Posts Tagged ‘random’
My name dances pulsing cadence in your words wake me from an inescapable nightmare and I swallow the whole universe with my morning stretch. You shine down on me beams of light brighter than Helios, and seer away the chill of night. I pull your rays around me unwilling to abandon this bed of warmth.
You, my sun.
Hours shift you anxious urging me ablaze into my day. Reluctant I lumber down the hall beckoning you like moths. Story the whole of everything grooved permanent in my hands, read me like a favorite book again and again. And watch spellbound my departure culling your return.
Open wide the window and summon sweet the chickadee’s song drift us intoxicated. Swoop in the crow to eat you whole and darkness rains upon me once again. The night terrorizes me silent frozen statue I will not move forgotten. Petrified dreams bronzed curls rise above my head spiraling crown and mimic you.
You, my sun.
I am not good sharing my thoughts with others, not in a deeper sense. I tread lightly in this world as I know we have all suffered too much and I wish to cause no more, for others, for myself. I have spent far too much time staring at the past recently. It is not like me. I have never been a past dweller. I have always focused forward with hope filled eyes.
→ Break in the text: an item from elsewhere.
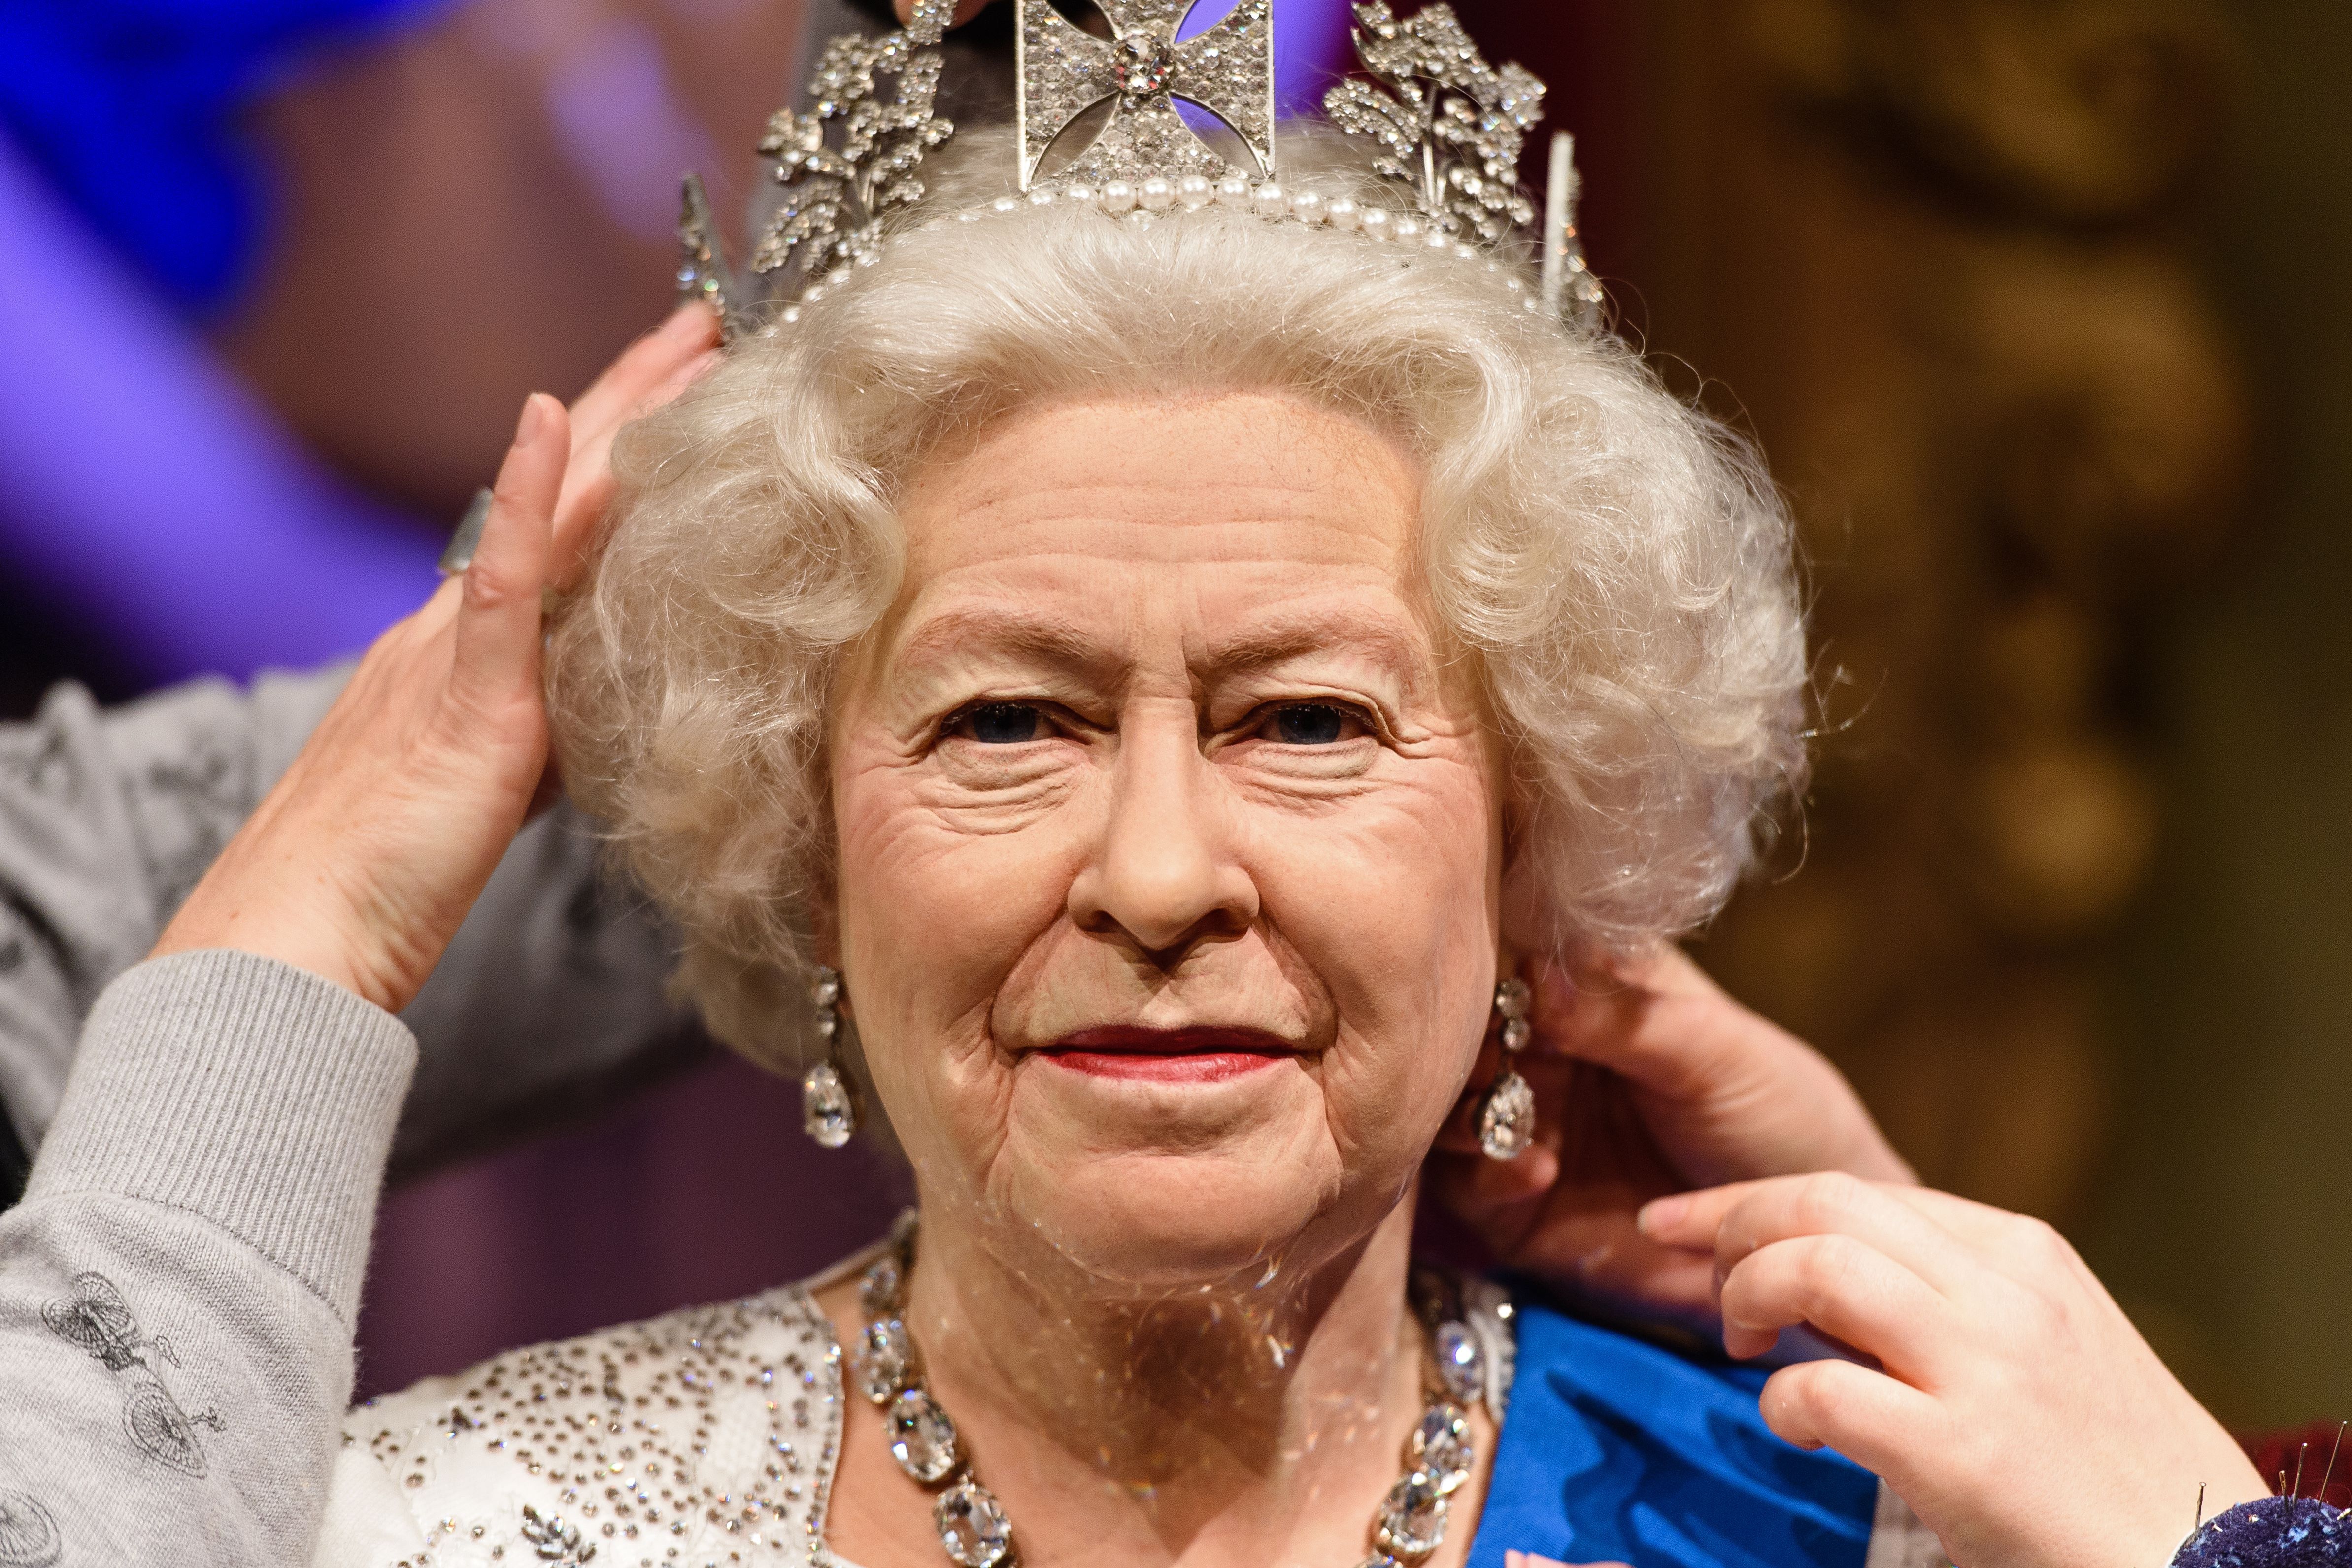 La Reine Elizabeth Ii Queen Elizabeth II Is About To Be The Longest-Serving Royal In British

Have you ever stopped everything and just sat down refusing to move completely disregarding the inertia of things and people around you urging you desperately to move in some direction? I have done this in my life, in every single way, recently. I am all but holding my breath to not move in the slightest way just to avoid doing the wrong thing. I am paralyzed by a lack of will to move on, even if it is all that I am supposed to do, some act of willful defiance within refuses to allow me to budge. I spent far too much time picking my every emotional wound trying to goad myself onto a new path and I find my fingernails littered with bloodied thoughts of useless futility. I shall not move on, not today.
I’ve cried so many tears my eyes have evaporated and I no longer see who I am anymore. I can but make out a vague recollection of pieces of who I once was and I disappear into this unmovable version of me and grow thick an alabaster column cementing me to a statue of a memory.
If I were consistent, I would update this site each day and regale you with colorful thoughts that cross my mind. I would place my political beliefs in the display at the window in my mind. I would bring you to tears with sorrows we’ve all been felt too deep to explain. I would make you laugh out loud so your colleagues think you are mad. I would share with you whimsical photographs of books I’ve long since read.
If I were consistent, I would delight you with my melancholy poetry or write you a story to help you escape the doldrums of your todays. I would whisk you into my everyday imaginations, creative adventures. I would photo-journal my expressive birthday gift adventures, my valentine’s day crafted love notes. I would fill your ears with the musical compilations that help me relax or sleep or cry or smile or feel connected to the human race again.
If I were consistent, I would ramble on and on and on about the healthcare reform or the caucasians in the United States becoming the minorities or the Irish mobsters hanging about in my family tree. I would scan in the pictures of birds or snap a few of the hummingbabies that visit me all day, every day. I would write elaborate, in-depth reviews of the books I devour. I would tell you how much I love my new Nook, I would tell you I got one for Valentine’s Day and I would tell you just how lovely a gift that was for that holiday, how fitting it was for me.
I would roll the vernacular dice and win your devotion, inviting you to visit 21 times a day just to see if I updated my silly blog, if I were consistent.